One of Petes more laid back critters, hence the name Fluffy. These were taken from about 1-1.5 metres away from the snake, using my new macro lens, obviously with trained handlers at the snake end


----------



## rogersspider2007 (Apr 2, 2007)

very nice indeed Angie.


----------



## kenneally1 (Feb 17, 2009)

stunning!!!


----------



## Normesby (Dec 27, 2009)

Very nice pics..........you are very talented.


----------



## Jade01 (Feb 21, 2007)

Wow! Stunning snake


----------



## stuartdouglas (Mar 5, 2008)

Very nice, has he got them feeding on defrost yet?


----------



## chondro13 (Aug 18, 2008)

WOW what stunning photos - cant believe how clean that snake is! I assume this one is captive bred?


----------



## I am a scarecrow (Nov 18, 2009)

Beautiful!


----------



## Angi (Nov 12, 2005)

chondro13 said:


> WOW what stunning photos - cant believe how clean that snake is!
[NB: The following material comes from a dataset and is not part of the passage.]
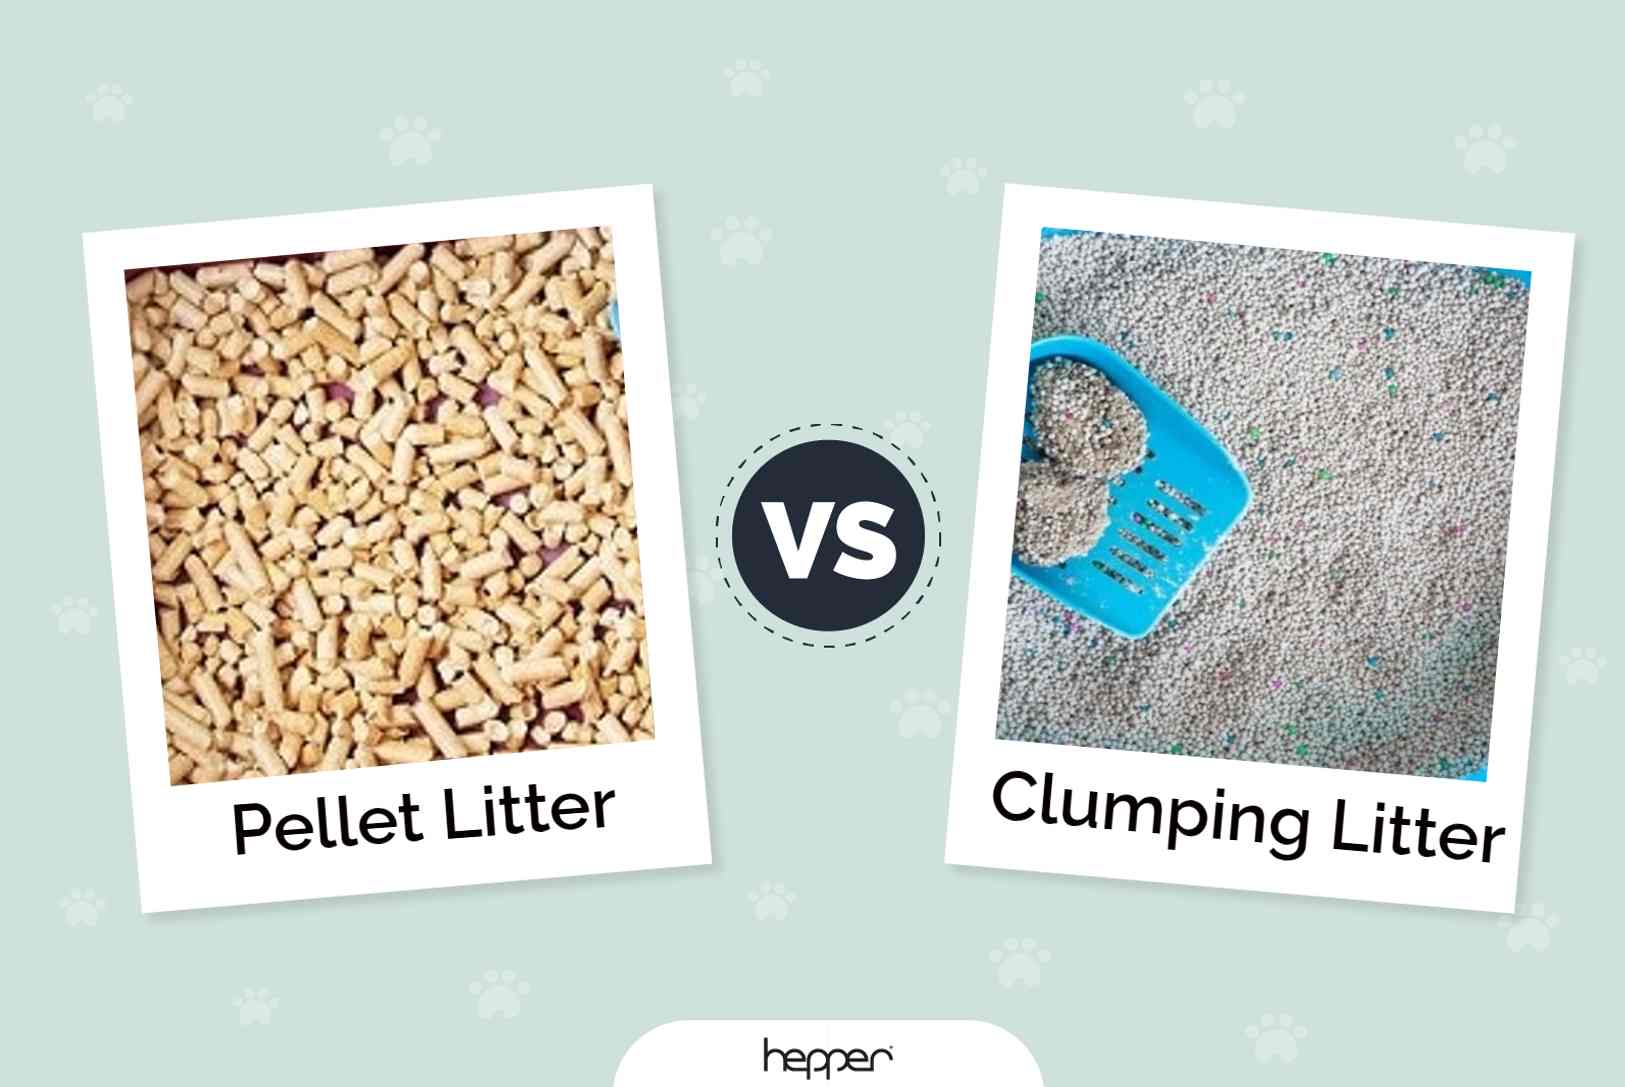 Pellet litter vs clumping litter

I assume this one is captive bred?


 Nope wild caught I'm afraid.


----------



## Burmese-Miles (Dec 28, 2007)

absolute beauty


----------



## smart1 (Oct 16, 2007)

nice cobra ,but im not sure the name fits


----------



## maffy (Dec 24, 2008)

*shots*

very good. looks like it wants to tag you


----------



## SWMorelia (May 15, 2007)

Nice shots Ang.....
It's hard to decide which one is my favourite....
I may have to steal these off you.... LOL


----------



## Skorps (Nov 23, 2009)

Absolutely Beautiful!
xXx


----------



## Poddy (Sep 6, 2009)

intimidating. "i can kill u all with 1 bite” ha ha 
beatiful none the less


----------



## Patmufc (Dec 10, 2008)

bloody beautiful, very clean


----------



## Maureen Collinson (Oct 6, 2006)

Stunning Angie. 

You do a beautiful snake great justice with your camera skills. :notworthy::no1:

A happy and prosperous New Year is wished for you and Pete, and hope you are both in good health.

Mo. xxxxxxxxxx


----------



## xvickyx (Jul 21, 2009)

WOW what a beautiful snake


----------



## jediwarrior (Aug 30, 2008)

great pics


----------